- Rhos Location within Neath Port Talbot
- Population: 2,442 (2011 census)
- OS grid reference: SN737030
- Principal area: Neath Port Talbot;
- Preserved county: West Glamorgan;
- Country: Wales
- Sovereign state: United Kingdom
- Post town: SWANSEA
- Postcode district: SA8
- Dialling code: 01792
- Police: South Wales
- Fire: Mid and West Wales
- Ambulance: Welsh
- UK Parliament: Neath;
- Senedd Cymru – Welsh Parliament: Neath;
- Councillors: Marcia Spooner (Plaid Cymru);

= Rhos, Neath Port Talbot =

Rhos is a village in the Swansea Valley, located outside of Pontardawe, in Neath Port Talbot county borough, South Wales, in the community of Cilybebyll.

==History==

Originally part of the Cilybebyll estate, the Primrose Colliery was developed from the mid-1800s, close to the village. On 13 October 1858, when owned by Morgan and Lewis, fumes of an engine boiler suffocated 14 men and boys, and 7 horses. After the disaster, it was redeveloped as the New Primrose Colliery, owned by Sir Ralph Howard, and by 1896 employed 307. It closed in the early 1900s, but from 1908 was revived as a pumping station for the Tarenni Colliery.

==Today==
Like many other villages in the former South Wales Coalfield, Rhos has seen phases of major building development within its boundaries bringing with it an influx of new residents to a community historically known for its own particular identity.
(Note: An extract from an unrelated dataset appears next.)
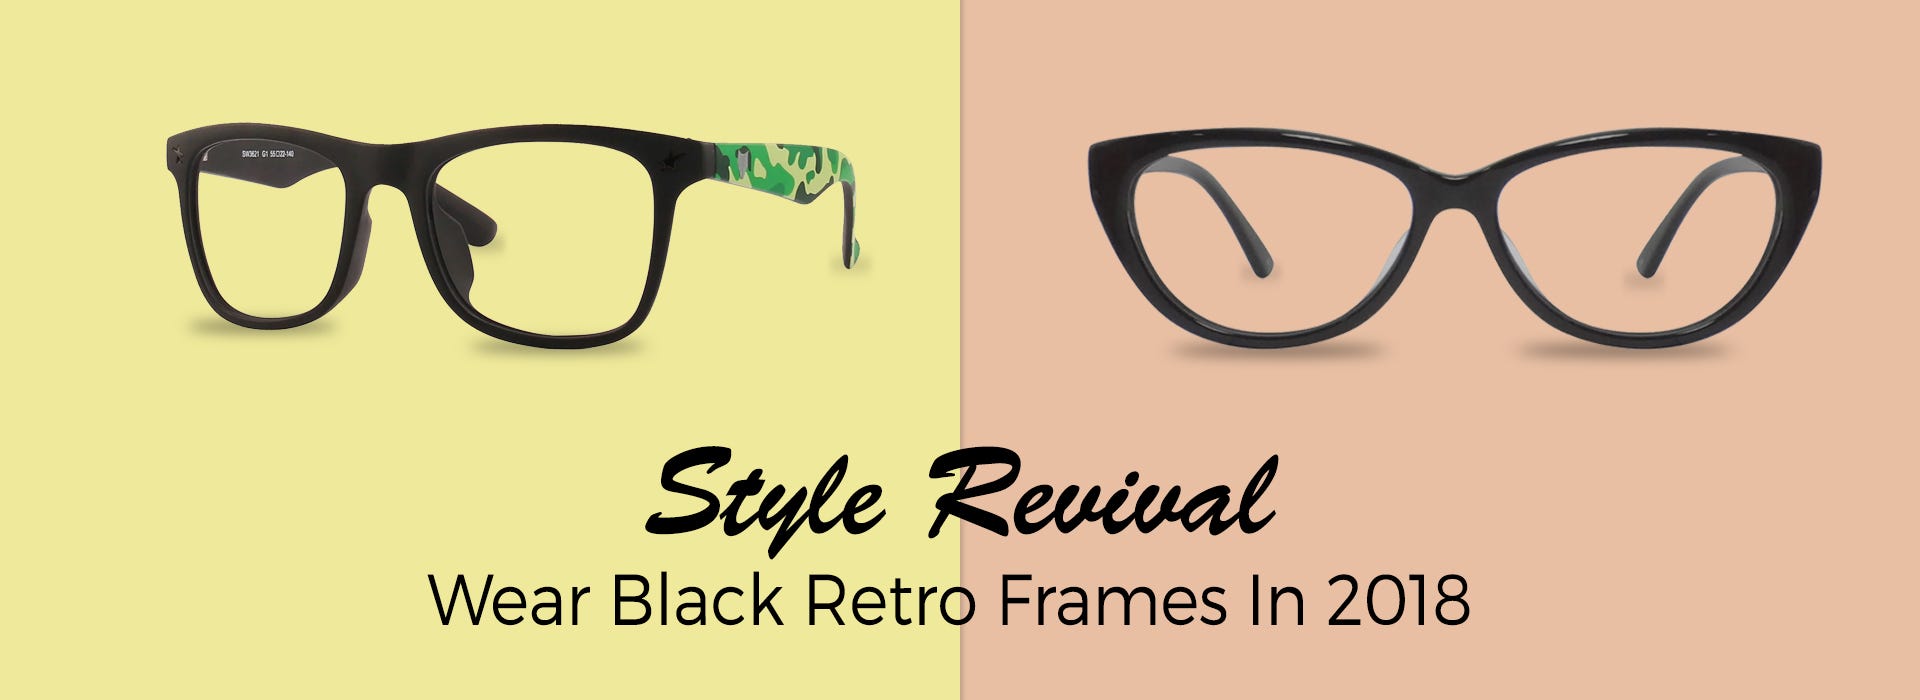 Style Revival: Wear Black Retro Frames In 2018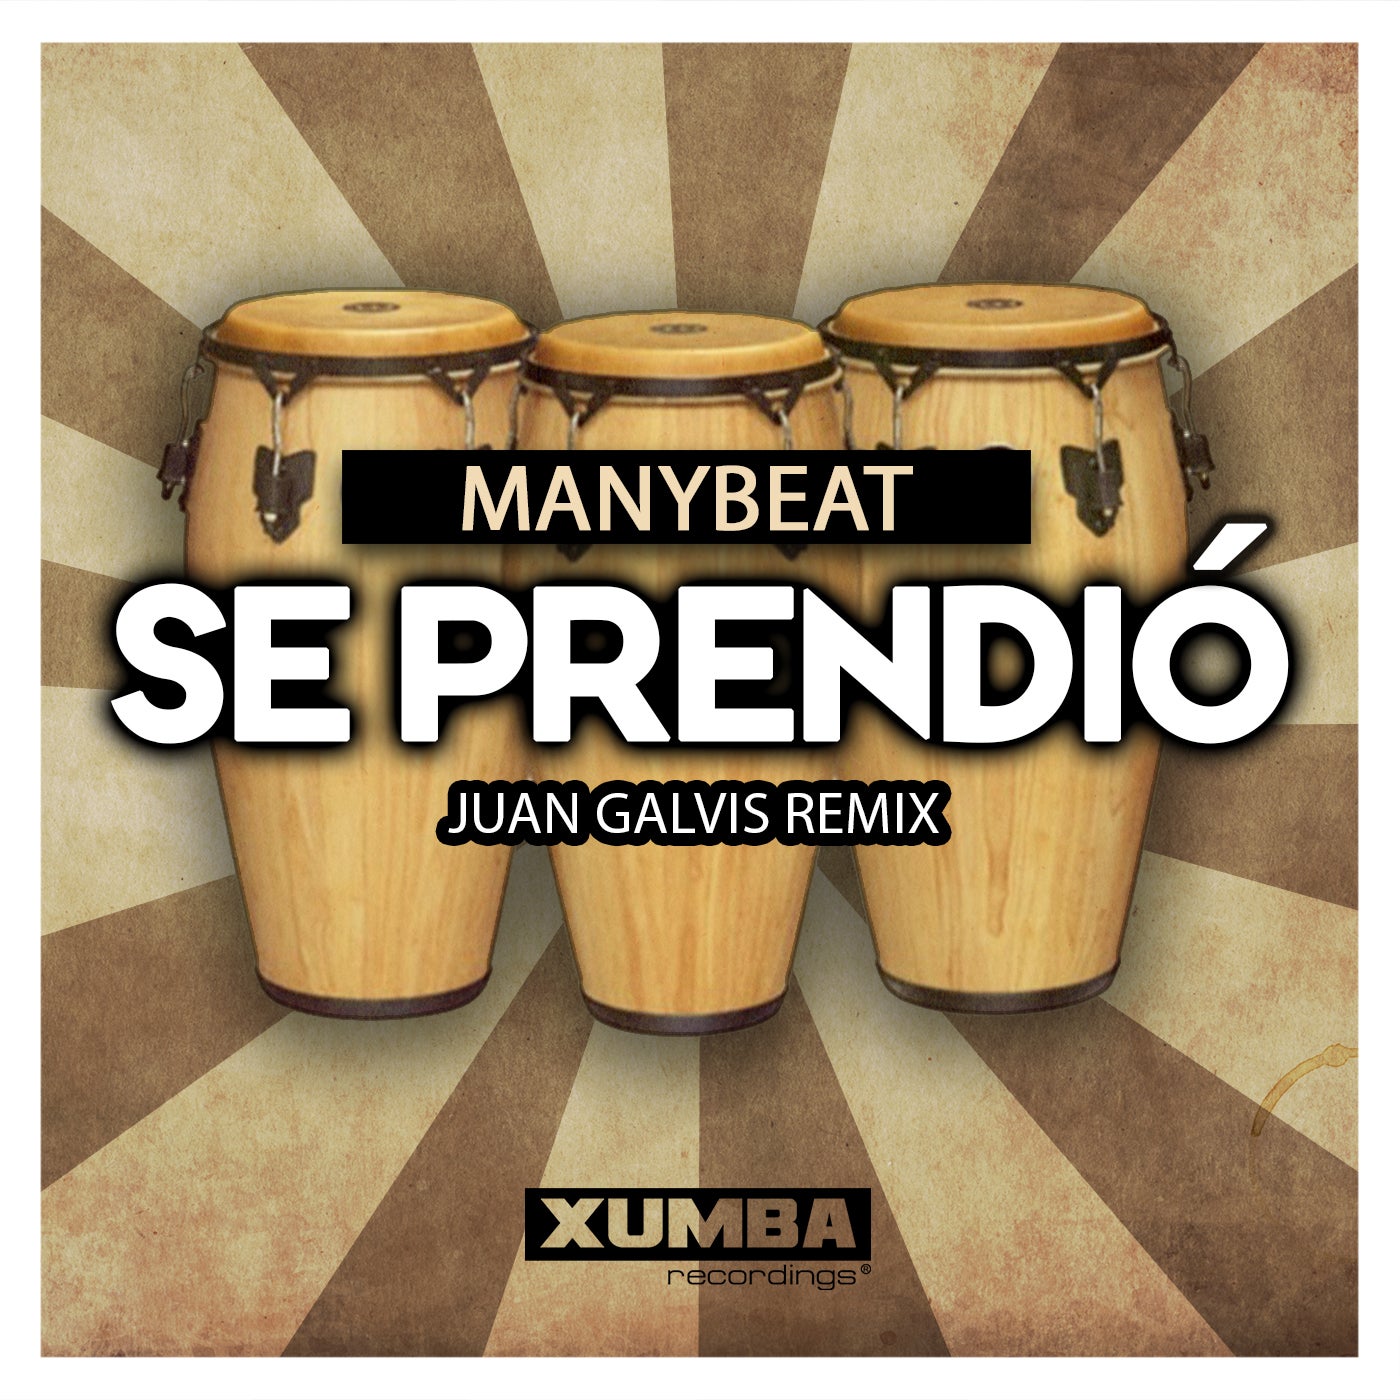 Manybeat - Se Prendio (Remix) [Xumba Recordings] | Music & Downloads on ...

There is one primary school serving the village, called Rhos Primary School. The nearest secondary school is Cwmtawe.

==Government and politics==
The electoral ward includes some or all of the following settlements Cilybebyll, Gellinudd and Rhos in the parliamentary constituency of Neath. Rhos is bounded by the wards of Ystalyfera and Ynyscedwyn (of Powys) to the north; Crynant to the east; Cadoxton to the south east; Bryncoch North to the south; Alltwen and Pontardawe to the west and Godre'r Graig to the northwest.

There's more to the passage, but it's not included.